Reports condemn appalling situation of the Guarani

Guarani mother and child, Brazil. The Guarani face systematic persecution and nearly all of their land has been stolen.
Guarani mother and child, Brazil. The Guarani face systematic persecution and nearly all of their land has been stolen.
© João Ripper/Survival

Two recently published reports say that the Guarani Indians of Mato Grosso do Sul state in Brazil live in terrible conditions and that it is crucial that their ancestral lands be mapped out and legally recognized.

The first report, issued by Brazil’s Public Ministry in April 2010, says that the Guarani of Mato Grosso do Sul state suffer from a high infant mortality rate and the highest homicide and suicide rates of Brazil.

It says that these are a result of land conflict following the authorities’ failure to comply with Brazilian law and recognize the Guarani’s land rights; many Guarani are crammed into small reserves or in makeshift camps on the side of highways.

The report lists violent attacks on Guarani communities, particularly common after communities attempt to reoccupy their land which has been stolen by agro-industries and government colonization schemes.

The report describes one such attack on a Guarani community in September 2009 as a case of ‘genocide’.

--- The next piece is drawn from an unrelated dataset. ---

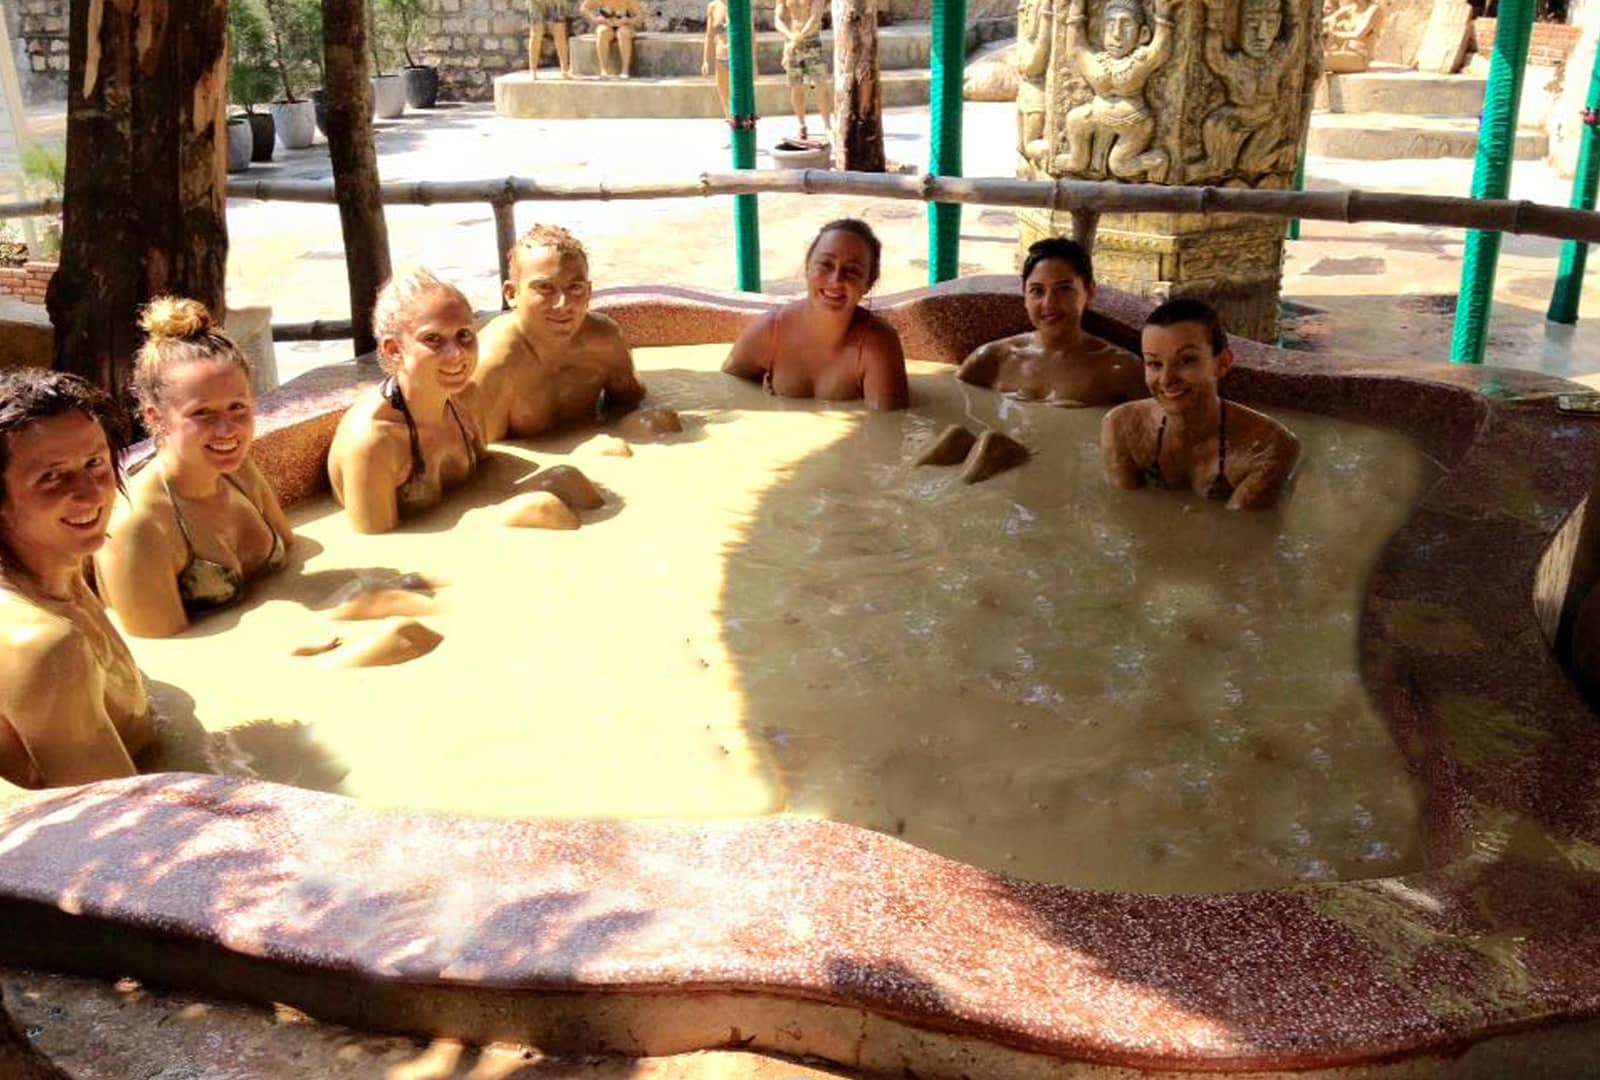 Rejuvenate, relax, and heal your soul with an invigorating dip in the naturally healing hot springs of Thap Ba Hot Springs in Nha Trang

It documents the assassination of various Indians, such as the internationally respected leader Marcos Veron as an example of the ‘chronic insecurity of the 70,000 indigenous people of the state’.

The second report, carried out by the Council for the Defense of the Rights of the Human Person (CDDPH) of the government’s Secretariat for Human Rights and presented at the Ministry of Justice last month, states that the Guarani live in ‘extremely precarious conditions’.

It says that they suffer from a lack of land, lack of access to basic health services, high levels of violence and discrimination and lack of food and clean water, some children suffering from ‘acute malnutrition’.

It indicates an increase in disease amongst the Guarani, owing to their exposure to pesticides used in the nearby ranches, frequently built on their land.

The report urges that FUNAI, the Brazilian government’s indigenous affairs department, concentrate on the mapping out of Guarani land, and that the police and the Public Ministry act upon the cases of discrimination against the Guarani, amongst other recommendations.

Survival International has protested to the Brazilian government, urging it to comply with Brazilian and international law and urgently recognize Guarani land rights, and has raised the matter with the UN in a report issued earlier this year.